COURTESY OF JIANING ZHAO
The owners of Noodle House immigrated from Fujian, China over 25 years ago. They opened Noodle House back in June 2016.
slight crispiness hit the spot, and transitioned into a taste that was savory but not too salty, solid but not too dry — a taste that brought sheer satisfaction. My friend also enjoyed the chicken, and was fascinated by the white rice used in this bowl. “Most Chinese food in the US that I’ve tasted uses fried rice, which I know isn’t commonly what people eat in China.” As someone who was born and raised in China, I agree with her. My own dish — pork chop with rice and vegetables — brought a similar gastronomical delight. The dish also wasn’t as salty and oily as those at most Americanized Chinese fast-food restaurants — the amount of oil in the “Chinese” food in Princeton’s dining halls or at P.F. Chang’s always amazes me.

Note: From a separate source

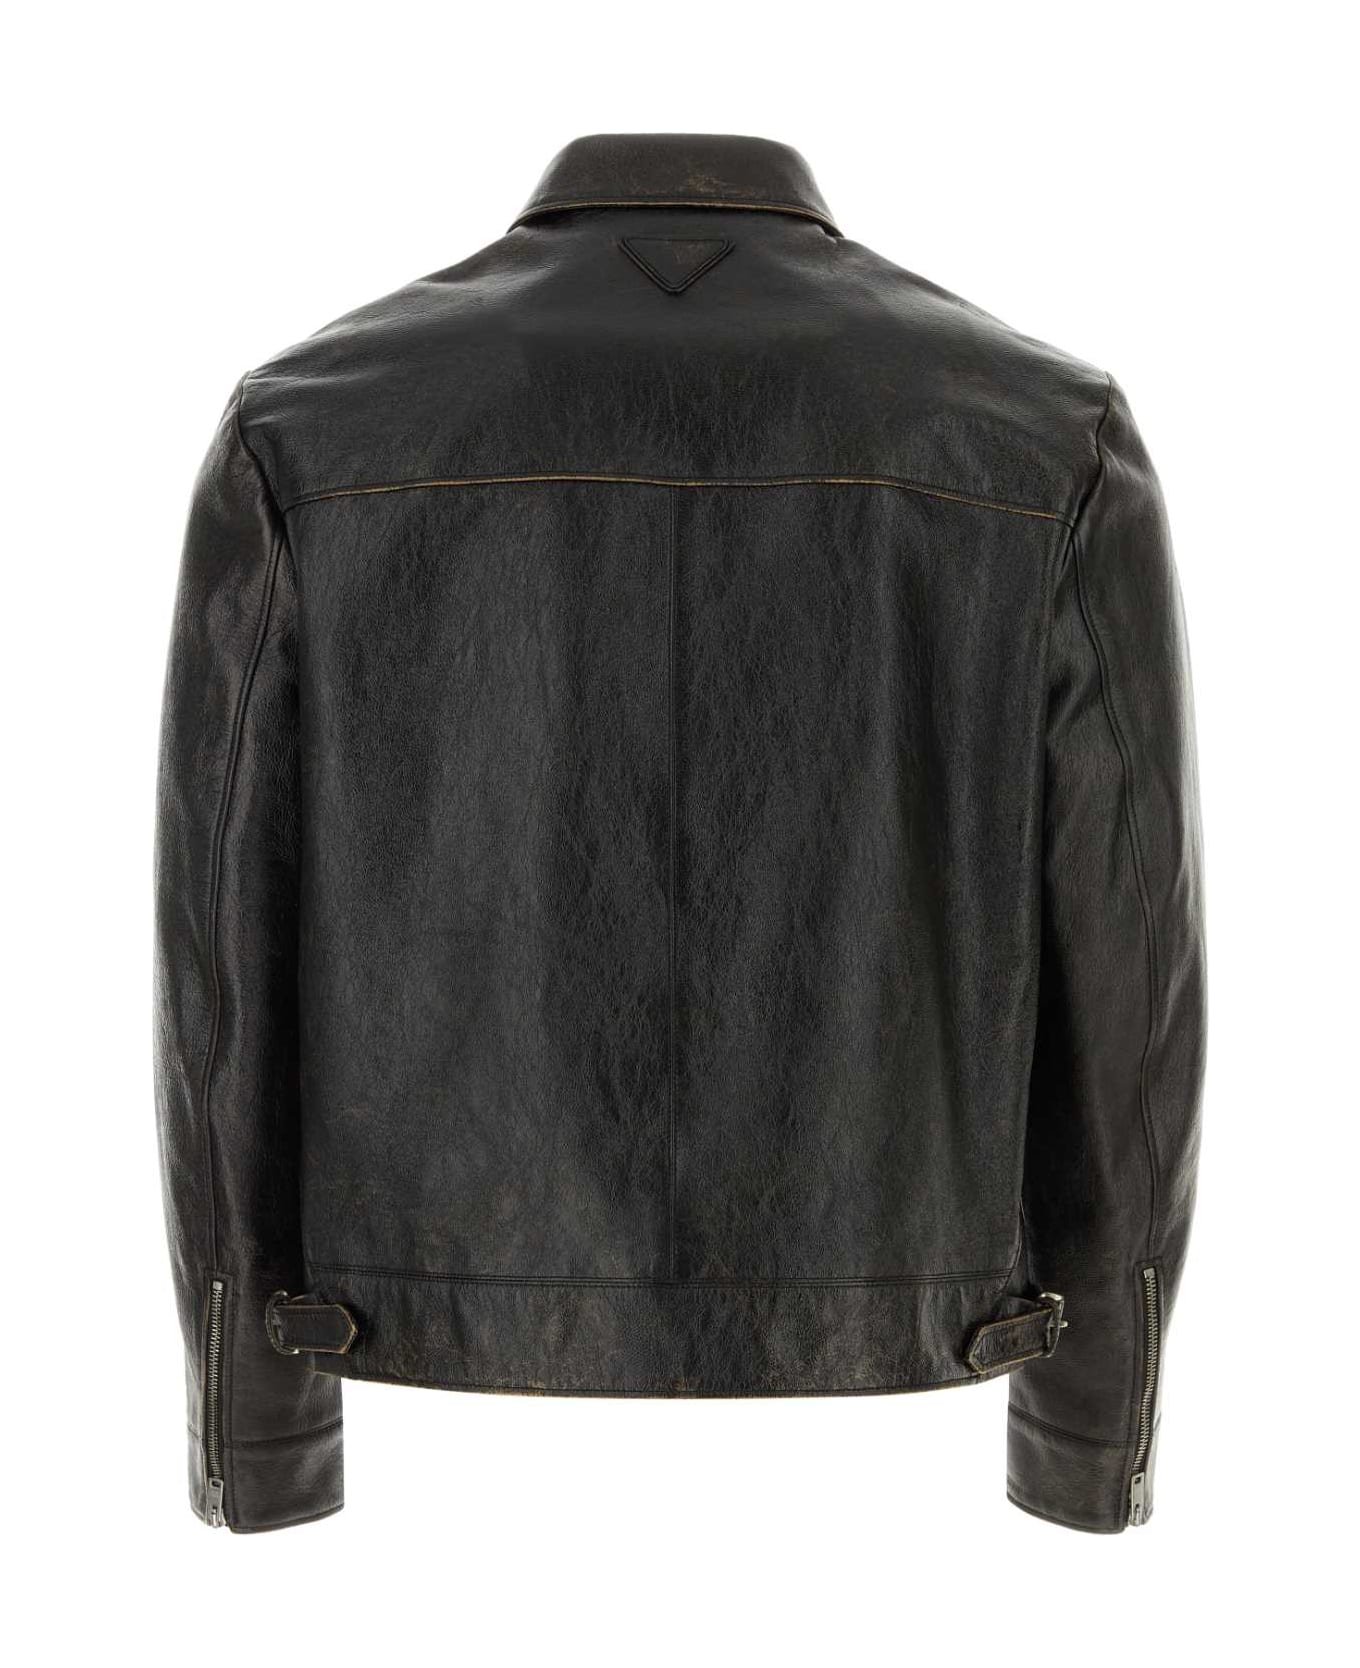 Prada zip-up Black Leather Jacket - NERO

One can say that it’s a different style and it indeed appeals to many crowds, but I appreciate Noodle House’s efforts to maintain the authenticity of its owners’ cultural and culi-
nary heritage. Other customers at the restaurant seem to come from a variety of different backgrounds — diverse ages, ethnicities, genders — echoing the restaurant’s aim at creating fusion. One elderly customer sitting alone across from us seemed to be enjoying his curry chicken rice bowl, so I walked over to ask about his experience. “I loved the chicken as well as the spicy sauce on the table that creates a quite unique mix of favor with the curry,” he said with a smile, after briefly introducing himself as a community auditor who lived in the neighborhood. When I asked whether he comes here often, his smile expanded, and I could hear the delight in his tone: “Today is actually my first time at this restaurant, and I’ll be back!” Noodle House took me on a gastronomical adventure around Asia while making me feel at home.